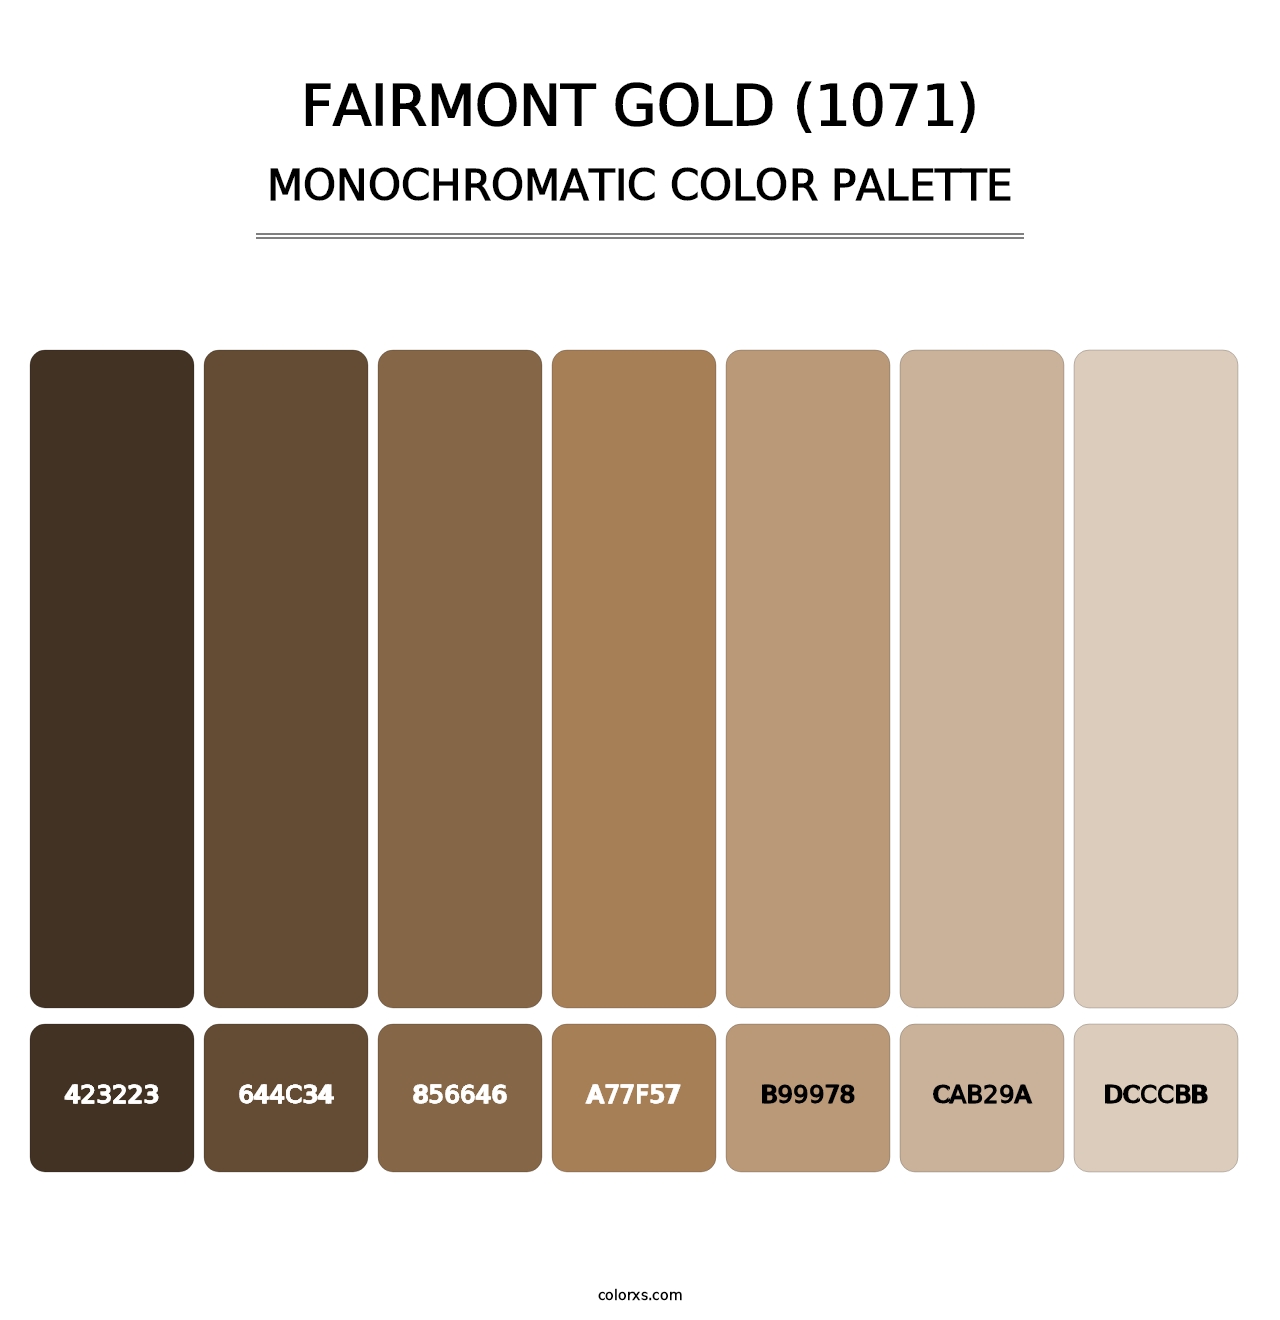 Fairmont Gold (1071) - Monochromatic Color Palette
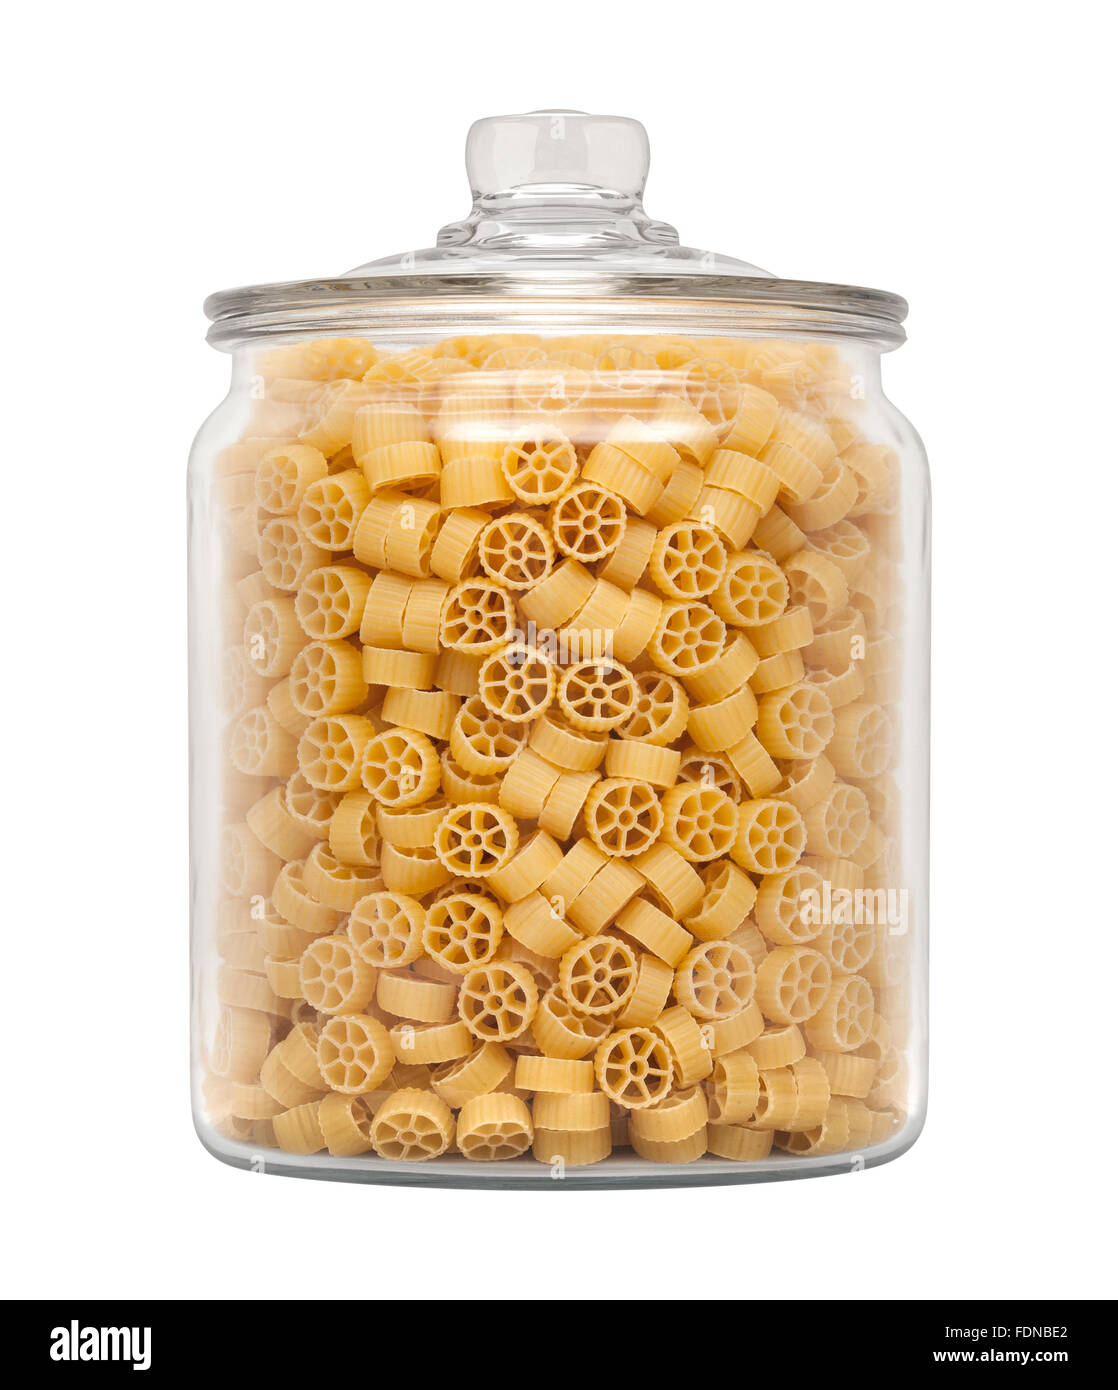 Mini Pasta ruota in un vetro speziale Jar. L'immagine è tagliata, isolato su uno sfondo bianco. Foto Stock
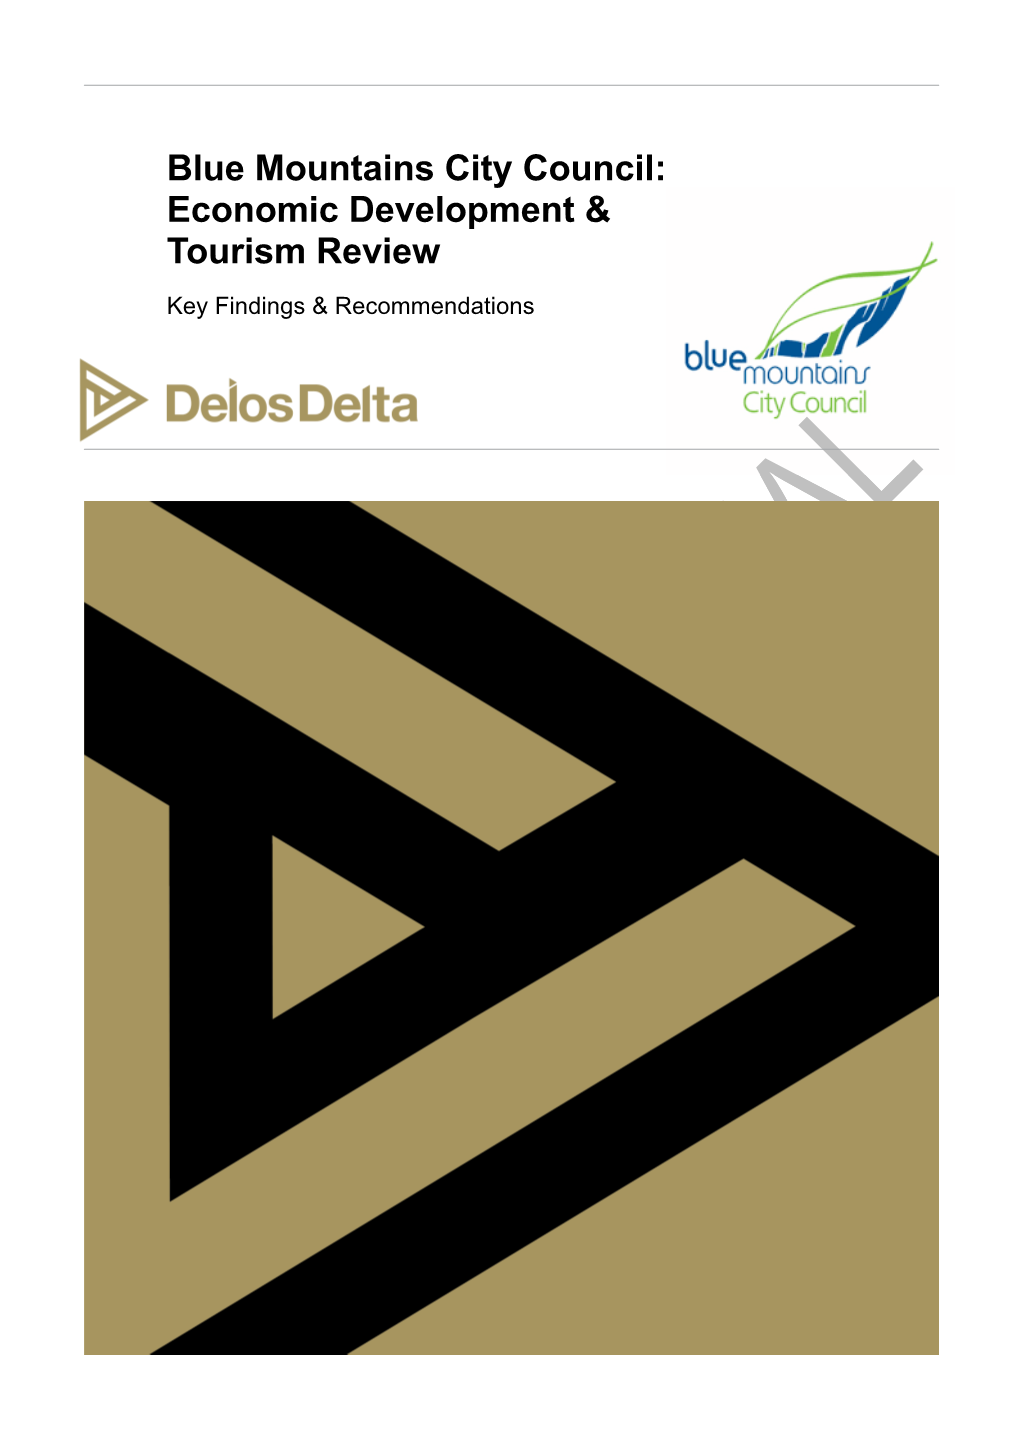 Economic Development & Tourism Review
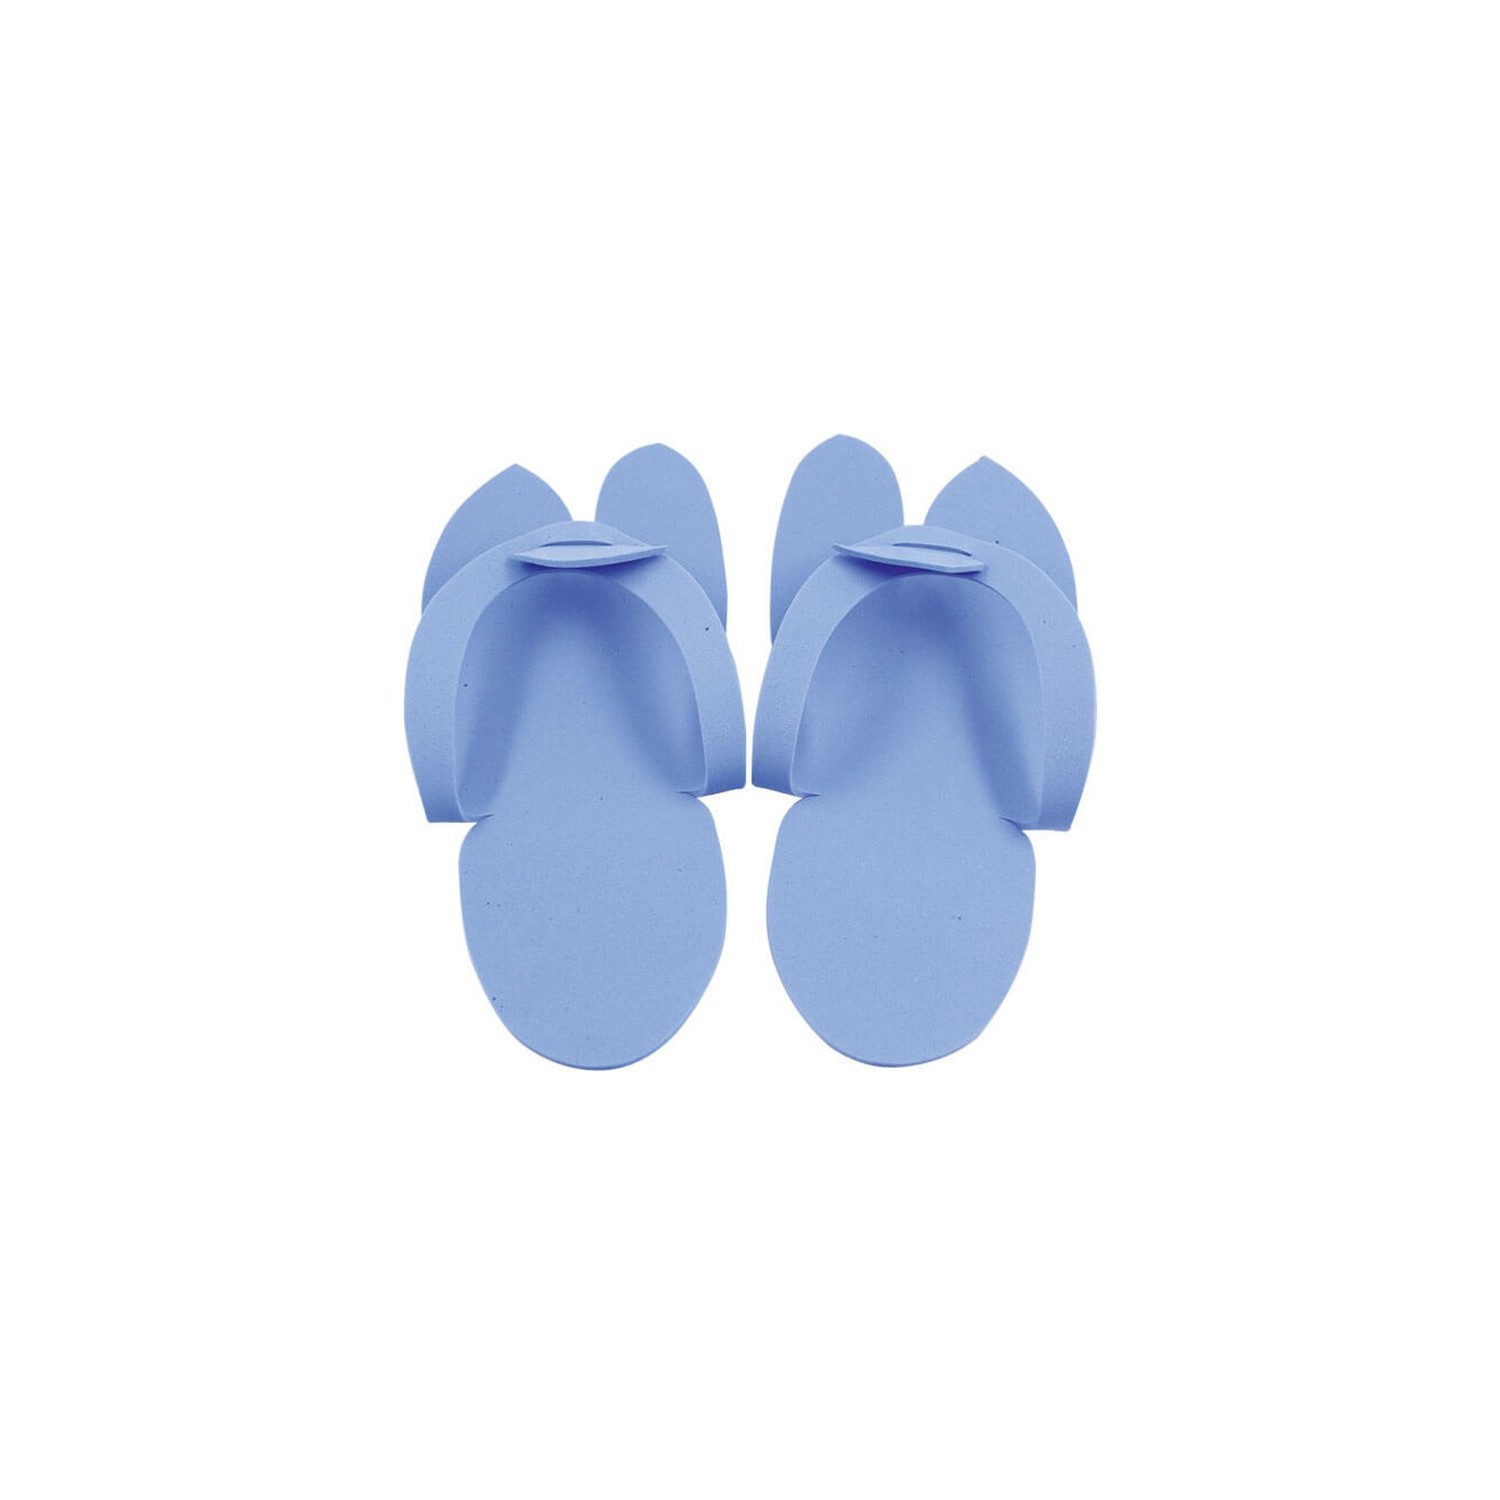 Eurostil Slippers Pedicure Colors Assorted 1Par (06776)

AIM OF THE TASK
What is needed is an exact transcription of the lines from the one holding "Economic Development & Tourism Review" to the end of the data, with every picture left out.

WRITTEN RESPONSE
 Economic Development & Tourism Review
 Eurostil Slippers Pedicure Colors Assorted 1Par (06776)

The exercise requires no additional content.